Understanding Foundation Models

Training Data

How training data quality, language coverage, and domain coverage shape foundation model capability, cost, and reliability.

Training Data

An AI model is only as good as the data it was trained on. Training data determines what a model can do, where it struggles, and which applications it can support reliably.

Data Sets the Boundary

If there's no Vietnamese in the training data, the model won't be able to translate from English into Vietnamese. Similarly, if an image classification model sees only animals in its training set, it won't perform well on photos of plants.

More Task Data Can Help

If you want a model to improve on a certain task, you might want to include more data for that task in the training data.

Collection Is Expensive

Collecting sufficient data for training a large model isn't easy, and it can be expensive.
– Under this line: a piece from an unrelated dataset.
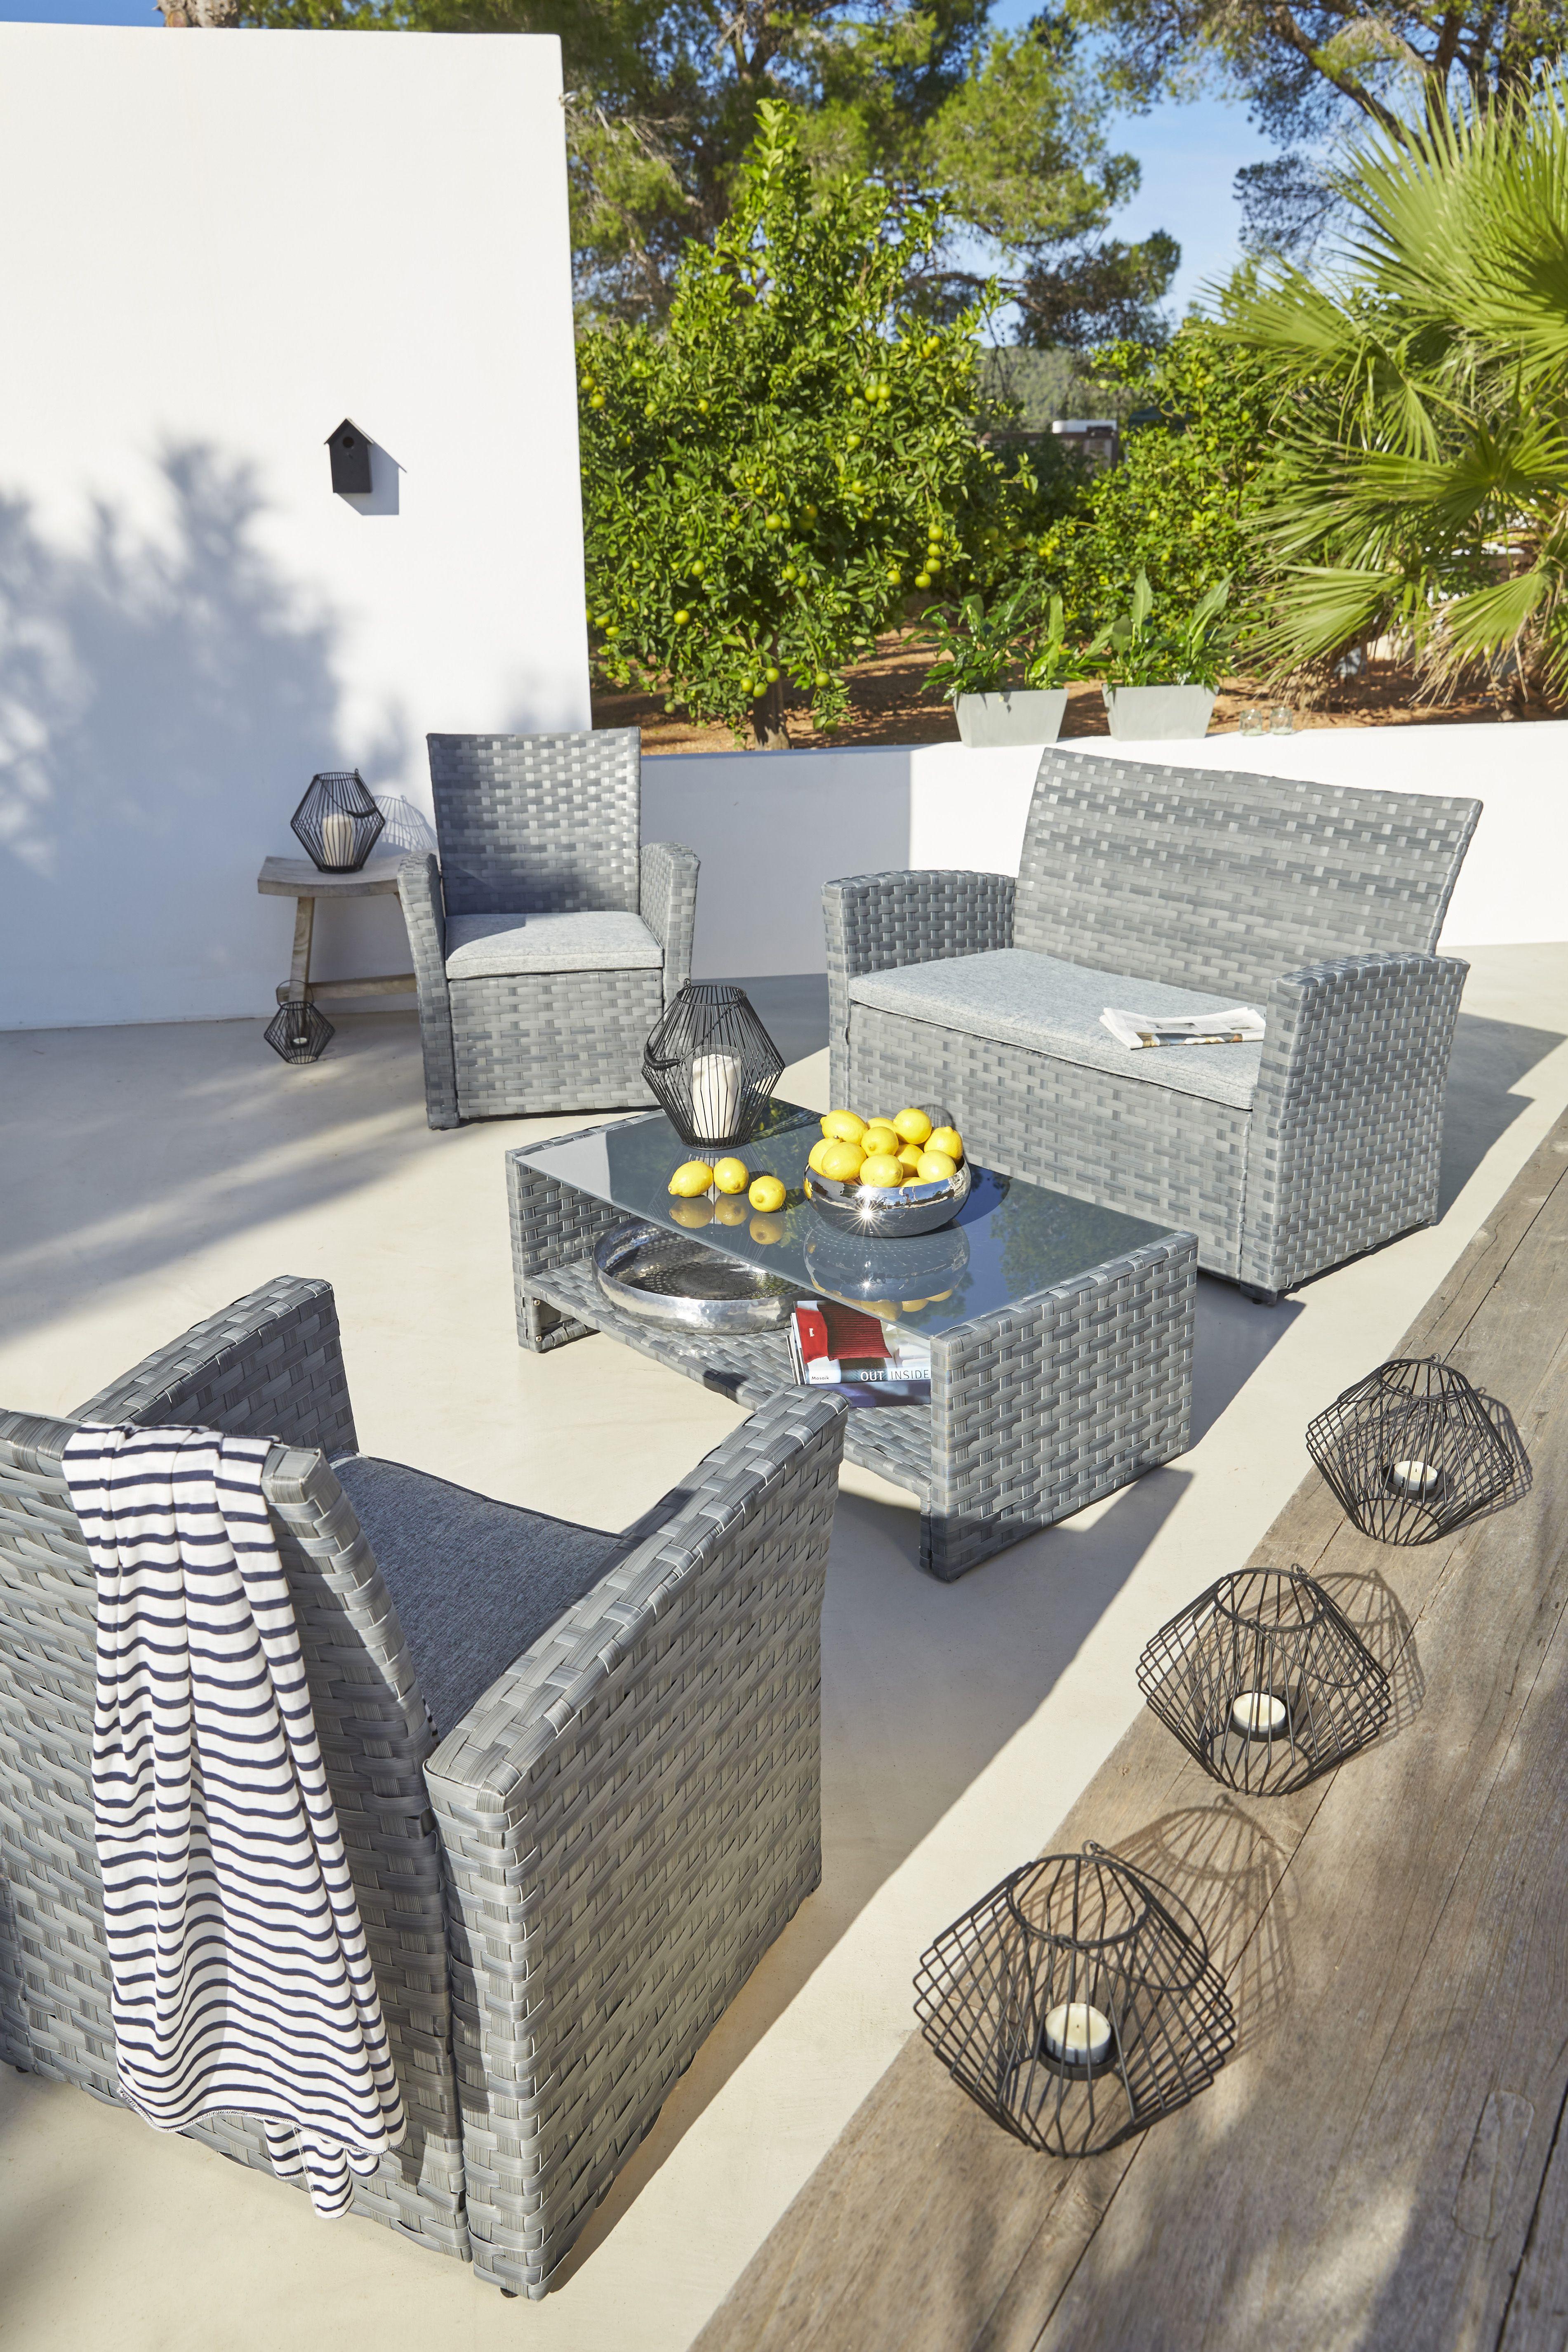 Vos Courses En Ligne Drive Livraison A Domicile Avec Mobilier Jardin Ambiance Jardin Table Basse
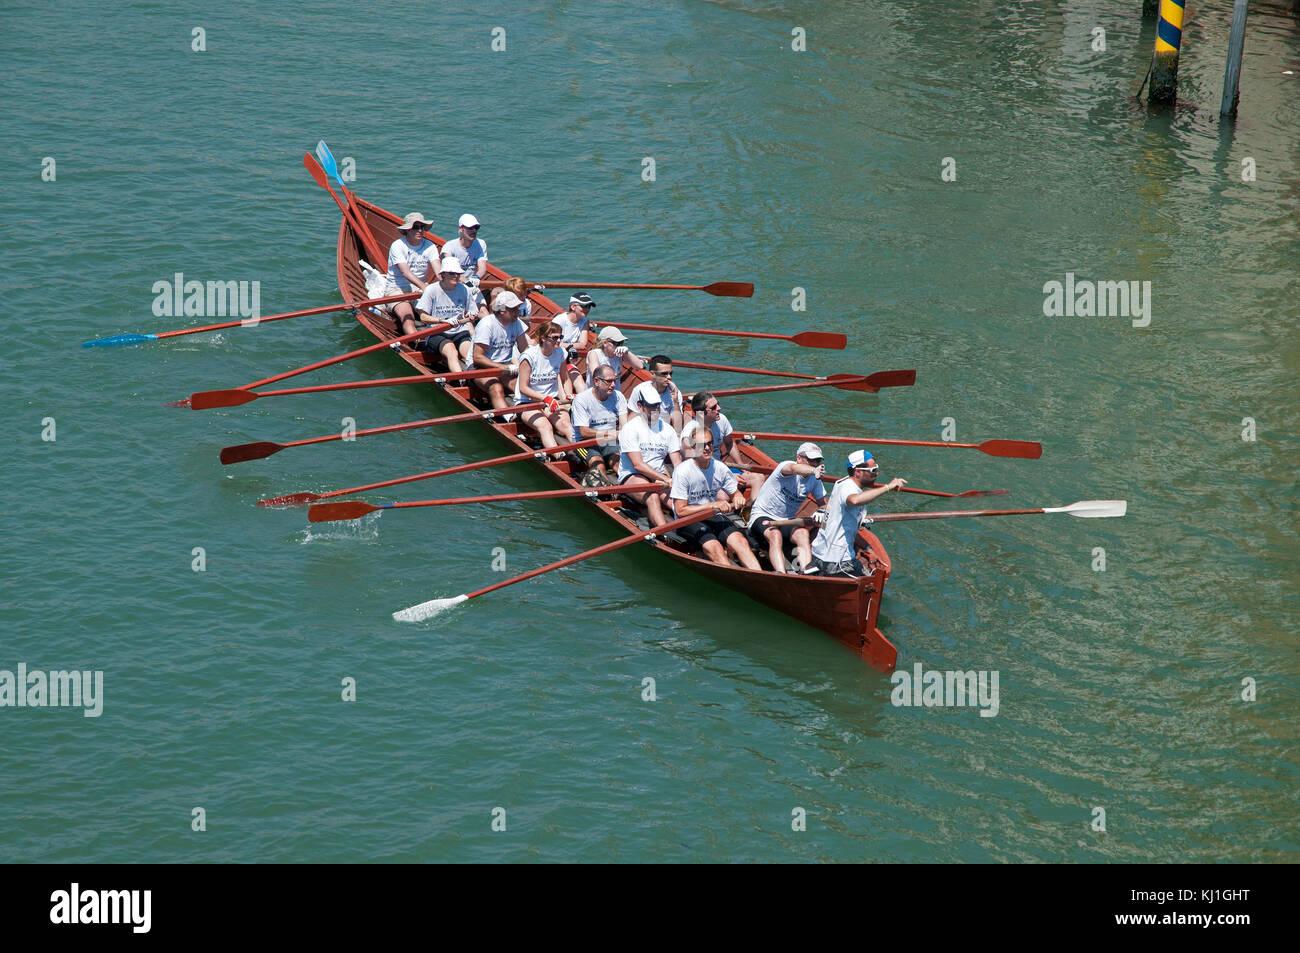 Bateau A Rames Prenant Part A La Volga Lunga Festival D Aviron A Venise Italie Vu Depuis Le Pont De L Accademia Sur Le Grand Canal Photo Stock Alamy

Available Data Shapes Models

Model developers often have to rely on available data, even if this data doesn't exactly meet their needs.

Common Crawl and C4

For example, a common source for training data is Common Crawl, created by a nonprofit organization that sporadically crawls websites on the internet. In 2022 and 2023, this organization crawled approximately 2-3 billion web pages each month. Google provides a clean subset of Common Crawl called the Colossal Clean Crawled Corpus, or C4 for short.

The data quality of Common Crawl, and C4 to a certain extent, is questionable -- think clickbait, misinformation, propaganda, conspiracy theories, racism, misogyny, and every sketchy website you've ever seen or avoided on the internet.

A study by the Washington Post shows that the 1,000 most common websites in the dataset include several media outlets that rank low on NewsGuard's scale for trustworthiness. In lay terms, Common Crawl contains plenty of fake news.

Yet, simply because Common Crawl is available, variations of it are used in most foundation models that disclose their training data sources, including OpenAI's GPT-3 and Google's Gemini. I suspect that Common Crawl is also used in models that don't disclose their training data. To avoid scrutiny from both the public and competitors, many companies have stopped disclosing this information.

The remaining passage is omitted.